Dataset entries

- - -

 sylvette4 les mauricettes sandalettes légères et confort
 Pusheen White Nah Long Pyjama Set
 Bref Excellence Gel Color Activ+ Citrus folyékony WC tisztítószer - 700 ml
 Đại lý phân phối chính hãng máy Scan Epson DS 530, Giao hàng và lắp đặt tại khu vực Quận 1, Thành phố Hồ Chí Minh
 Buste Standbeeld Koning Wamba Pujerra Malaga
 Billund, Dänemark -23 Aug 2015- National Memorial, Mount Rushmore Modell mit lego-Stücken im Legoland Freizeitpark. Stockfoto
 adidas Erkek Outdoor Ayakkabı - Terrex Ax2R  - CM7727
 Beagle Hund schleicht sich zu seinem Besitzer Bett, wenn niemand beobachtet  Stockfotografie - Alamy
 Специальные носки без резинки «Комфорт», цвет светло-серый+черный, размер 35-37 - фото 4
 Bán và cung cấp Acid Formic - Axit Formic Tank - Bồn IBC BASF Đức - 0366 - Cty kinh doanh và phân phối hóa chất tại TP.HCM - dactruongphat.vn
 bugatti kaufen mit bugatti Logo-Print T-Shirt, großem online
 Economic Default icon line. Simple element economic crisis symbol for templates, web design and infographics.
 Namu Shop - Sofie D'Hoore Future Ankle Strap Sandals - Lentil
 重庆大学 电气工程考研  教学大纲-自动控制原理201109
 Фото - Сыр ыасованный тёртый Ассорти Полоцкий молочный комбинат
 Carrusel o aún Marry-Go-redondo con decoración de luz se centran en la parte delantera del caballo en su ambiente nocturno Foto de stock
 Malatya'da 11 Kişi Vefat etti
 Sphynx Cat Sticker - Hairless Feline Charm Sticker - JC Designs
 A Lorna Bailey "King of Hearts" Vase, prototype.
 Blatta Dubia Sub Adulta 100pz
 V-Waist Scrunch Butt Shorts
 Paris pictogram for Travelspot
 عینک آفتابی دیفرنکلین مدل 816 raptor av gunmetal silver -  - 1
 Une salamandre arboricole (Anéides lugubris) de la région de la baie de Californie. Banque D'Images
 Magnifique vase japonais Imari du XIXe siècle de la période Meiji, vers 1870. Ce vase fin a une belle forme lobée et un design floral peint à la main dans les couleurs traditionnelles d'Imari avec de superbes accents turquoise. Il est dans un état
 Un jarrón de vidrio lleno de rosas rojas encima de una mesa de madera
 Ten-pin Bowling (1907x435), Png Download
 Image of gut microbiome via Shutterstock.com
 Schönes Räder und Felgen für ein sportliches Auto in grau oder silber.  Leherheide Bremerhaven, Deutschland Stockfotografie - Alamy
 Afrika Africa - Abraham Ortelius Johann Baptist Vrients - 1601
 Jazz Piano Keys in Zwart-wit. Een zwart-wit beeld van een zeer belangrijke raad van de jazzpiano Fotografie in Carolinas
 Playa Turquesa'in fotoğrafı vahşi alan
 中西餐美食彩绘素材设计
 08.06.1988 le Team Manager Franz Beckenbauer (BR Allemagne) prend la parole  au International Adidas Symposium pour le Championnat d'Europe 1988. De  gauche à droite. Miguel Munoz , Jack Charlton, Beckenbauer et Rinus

- - -

REQUIREMENT
Only lines with the word "phân" are needed. Copy them from the preceding records.

WRITTEN SOLUTION
 Đại lý phân phối chính hãng máy Scan Epson DS 530, Giao hàng và lắp đặt tại khu vực Quận 1, Thành phố Hồ Chí Minh
 Bán và cung cấp Acid Formic - Axit Formic Tank - Bồn IBC BASF Đức - 0366 - Cty kinh doanh và phân phối hóa chất tại TP.HCM - dactruongphat.vn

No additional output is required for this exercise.